1 Creatine Monohydrate:

Creatine Monohydrate is the most researched supplement that is out there. There are numerous studies highlighting the effectiveness of this supplement. For starters, creatine monohydrate is a form of creatine that has a water molecule bound with the creatine molecule. Research has found that creatine monohydrate not only increases muscle mass but also boost strengths levels. Additionally, creatine monohydrate is the perfect supplement for high-intensity work-outs as it increases your energy level giving you more energy for those strenuous sessions. Another benefit of creatine monohydrate is that it is easily available and affordable too.

Recommended dosage:

The standard recommended dosage for creatine monohydrate intake is 5 grams. It is also important to note that creatine monohydrate should be taken with water preferably before your work-out session.

 

2 BCCAS:

BCCAs an acronym for branched-chained amino acids are a special group of amino acids that make up protein required for muscle growth. The four kinds of BCCAs are Leucine, Valine, Isoleucine and Proline. These amino acids get broken down and are oxidized in ATP (energy molecule) production. They are also essential for skeletal muscle growth. They also improve your immunity protecting you against diseases.

Recommended dosage:

6-10 grams of BCCAs before or during your workout will help you recover quicker from muscle soreness and fatigue.


 

 3 Fish Oil:

Fish is an excellent source of fatty acids EPA and DHA both of which are needed by your body to recover from the muscle soreness caused by the intense workout. Omega-3 and omega-6 two other constituents of fish oil are proven to improve cardiovascular health and enhance cognitive performance.

Recommended dosage:

1.5-3 grams of fish oil would be sufficient for your daily requirement. Taking fish oil with a meal helps with better absorption.

 

4 Multivitamins:

Almost everyone is aware of multivitamins. Not only are multivitamins affordable and readily available at every pharmacy, they can also fulfil your daily nutritional requirement. However, this doesn’t mean that you should stop taking proper meals.

Recommended dosage:

Just like their availability multivitamins are pretty easy to consume too. Simply follow the instructions on the back of the multivitamin bottle. Typically you would be taking one or two pills a day and you’re done.
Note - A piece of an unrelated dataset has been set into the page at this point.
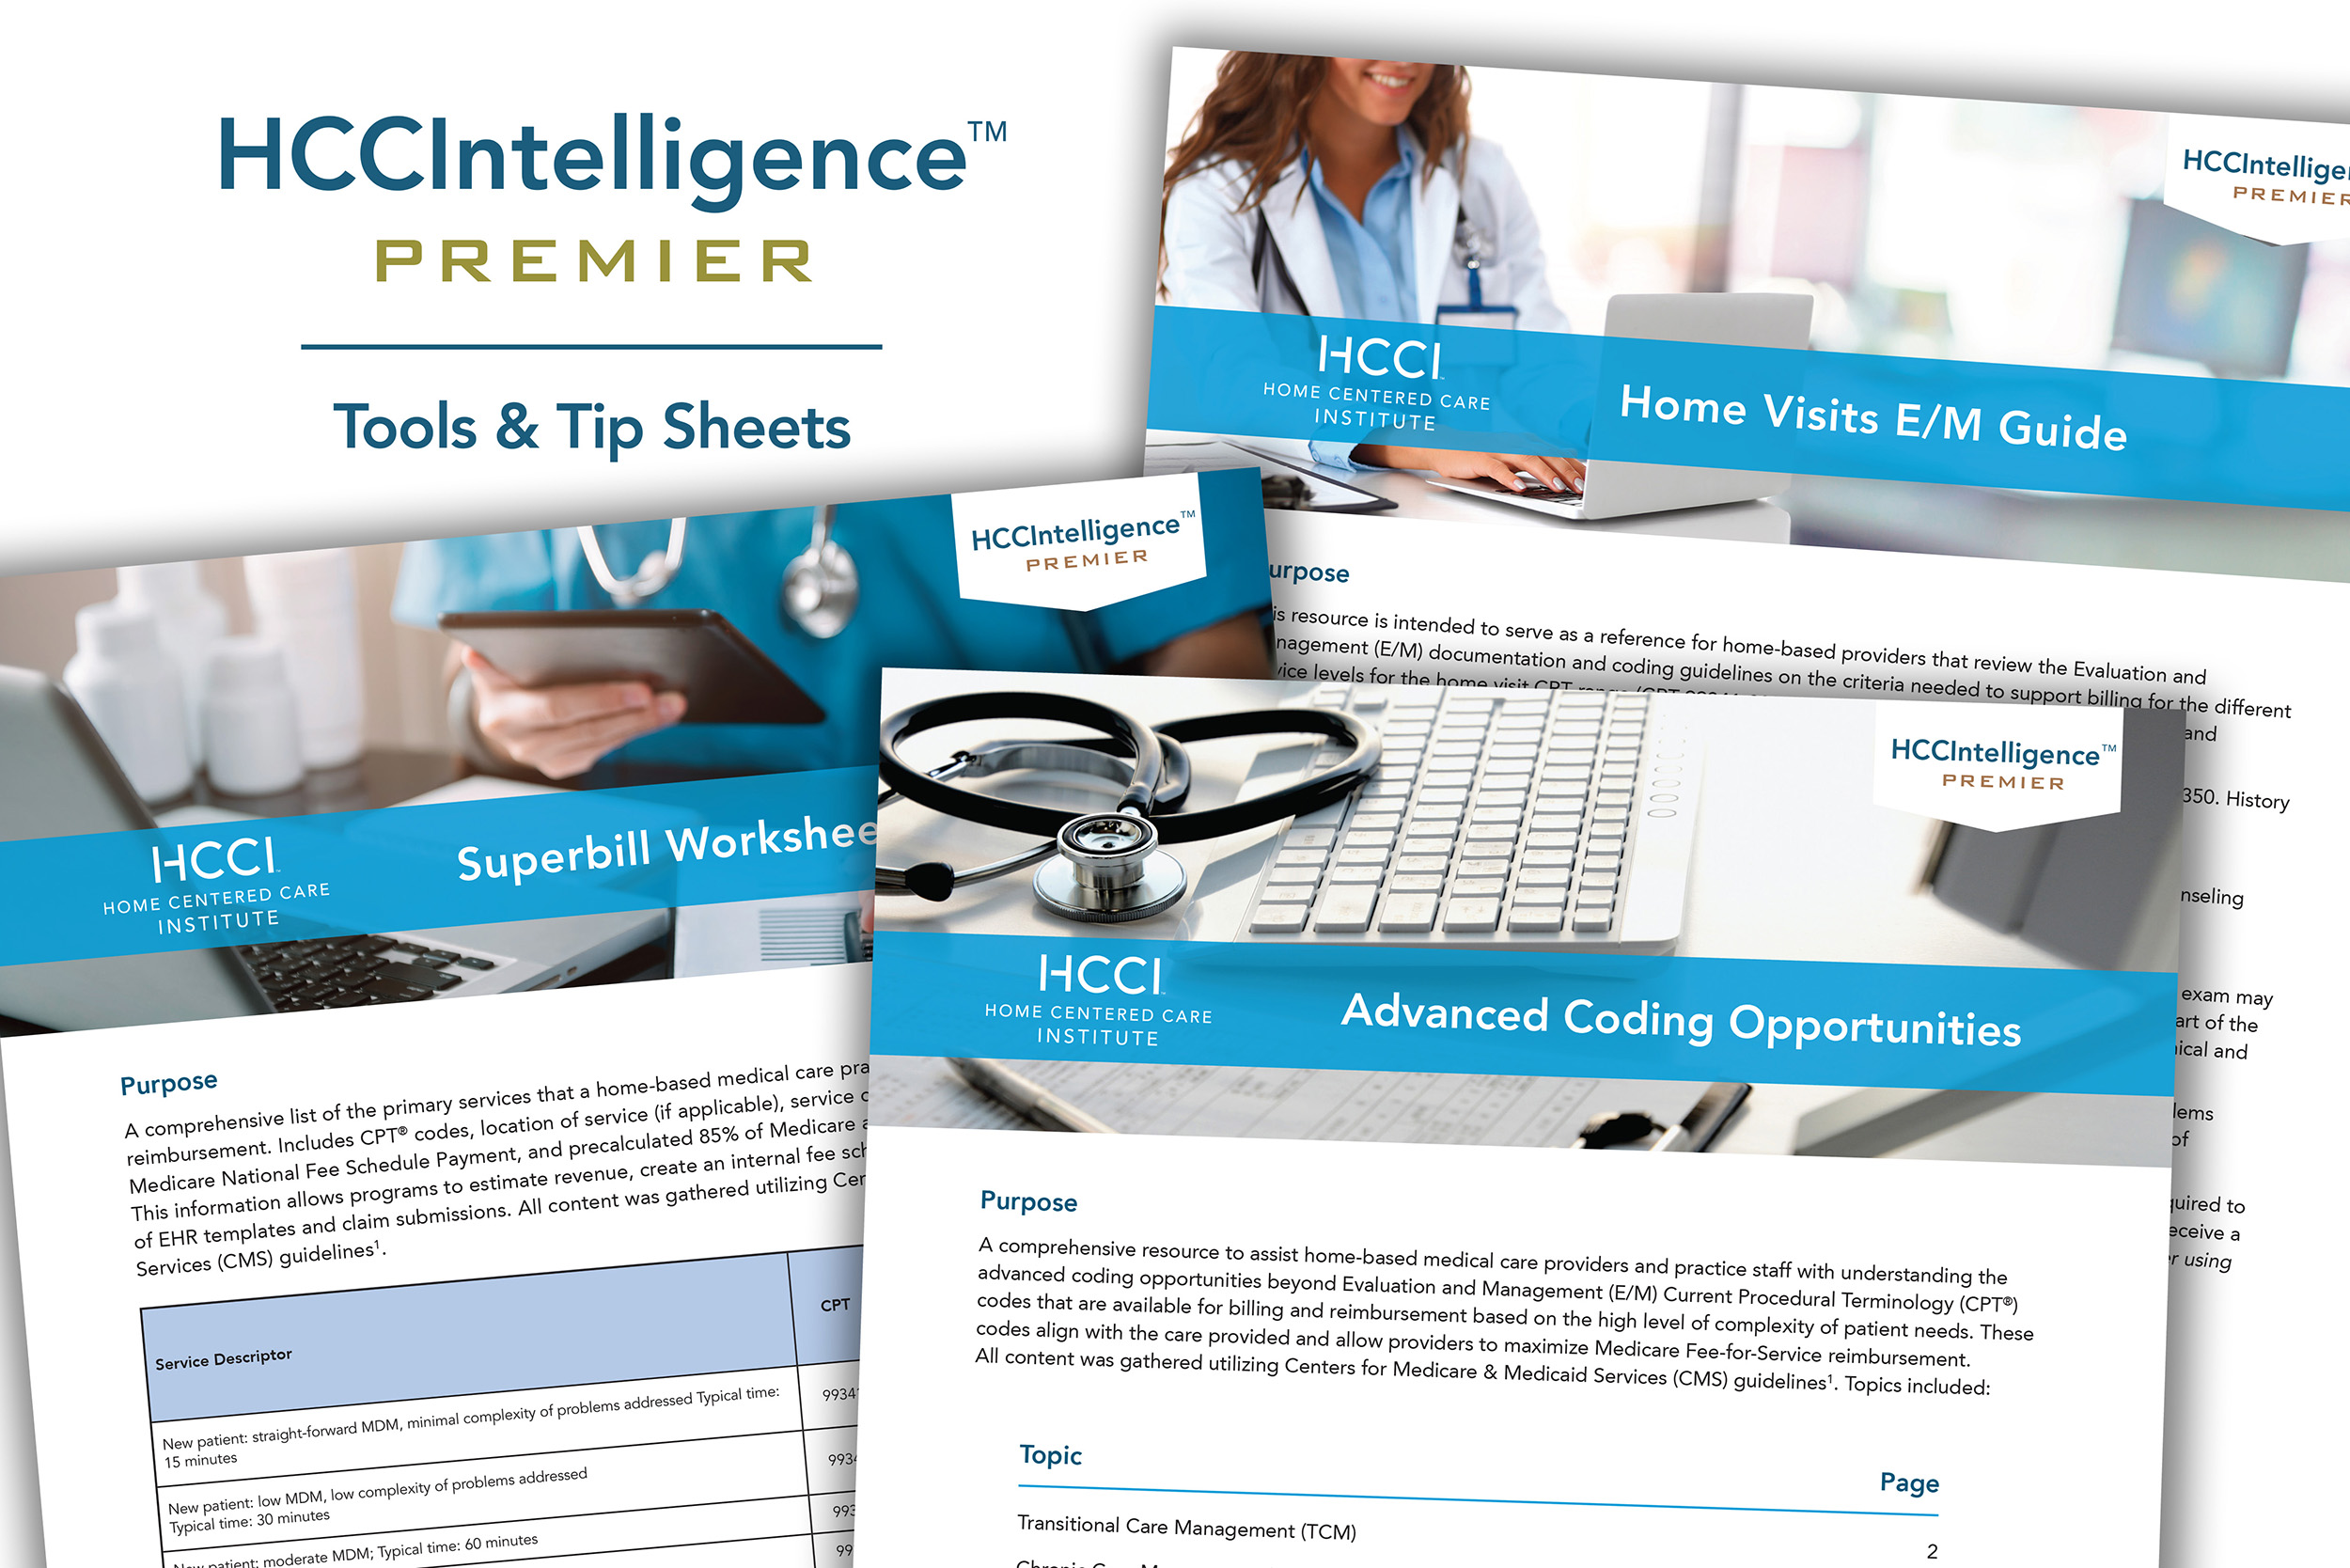 Introducing HCCIntelligence™ Premier Tools & Tip Sheets

For complete absorption, you should take them with food.

 

5 Protein powder:

There are so many varieties of protein powders now available in the market. You have the traditional whey protein and its newer competitor plant-based protein powder. No matter what your preference might be protein powders will benefit your muscle growth. Protein powders are ready to drink protein source that helps your muscle growth and repair.

Recommended dosage:

Protein powders work more efficiently when taken right after a workout. They come in a variety of flavours and can be taken mixed with milk or water. You should check the container of your protein powder to know the exact dosage for consumption. One serving of protein powder typically contains 20-30 grams of protein.

 

These are the top 5 supplements for Crossfit. Incorporate these in your diet to get the maximum out of your workout.